# AVAILABLE RECORDS
..............................
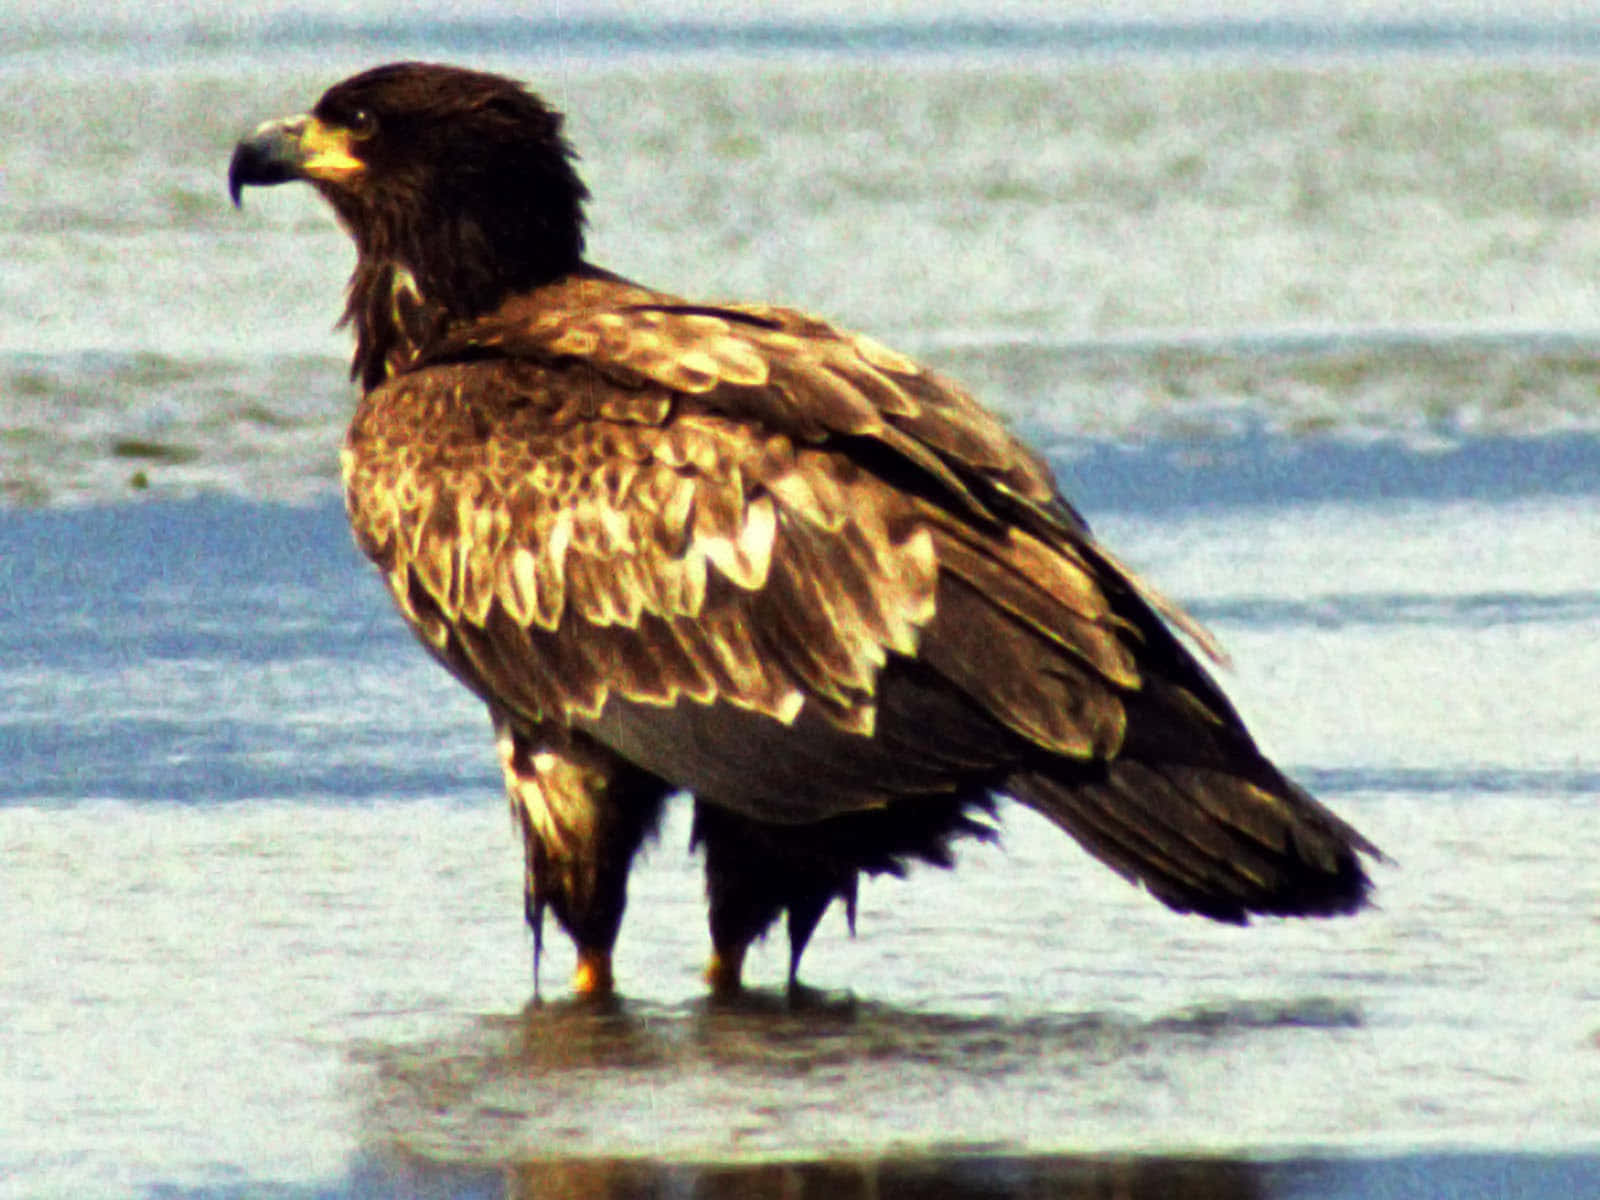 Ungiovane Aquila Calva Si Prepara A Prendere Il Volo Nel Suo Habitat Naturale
..............................
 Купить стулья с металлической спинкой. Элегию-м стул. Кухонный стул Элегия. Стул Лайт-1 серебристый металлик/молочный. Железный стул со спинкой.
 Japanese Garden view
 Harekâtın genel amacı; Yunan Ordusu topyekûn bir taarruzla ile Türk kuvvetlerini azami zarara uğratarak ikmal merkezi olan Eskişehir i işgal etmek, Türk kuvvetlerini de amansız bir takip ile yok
..............................
# INSTRUCTIONS FOR THE TASK
Copy out precisely the lines from the line with "Japanese Garden view" to the line with "Harekâtın genel amacı;" in the material above, including those two lines and omitting all the rest.

# EXPECTED OUTPUT
 Japanese Garden view
 Harekâtın genel amacı; Yunan Ordusu topyekûn bir taarruzla ile Türk kuvvetlerini azami zarara uğratarak ikmal merkezi olan Eskişehir i işgal etmek, Türk kuvvetlerini de amansız bir takip ile yok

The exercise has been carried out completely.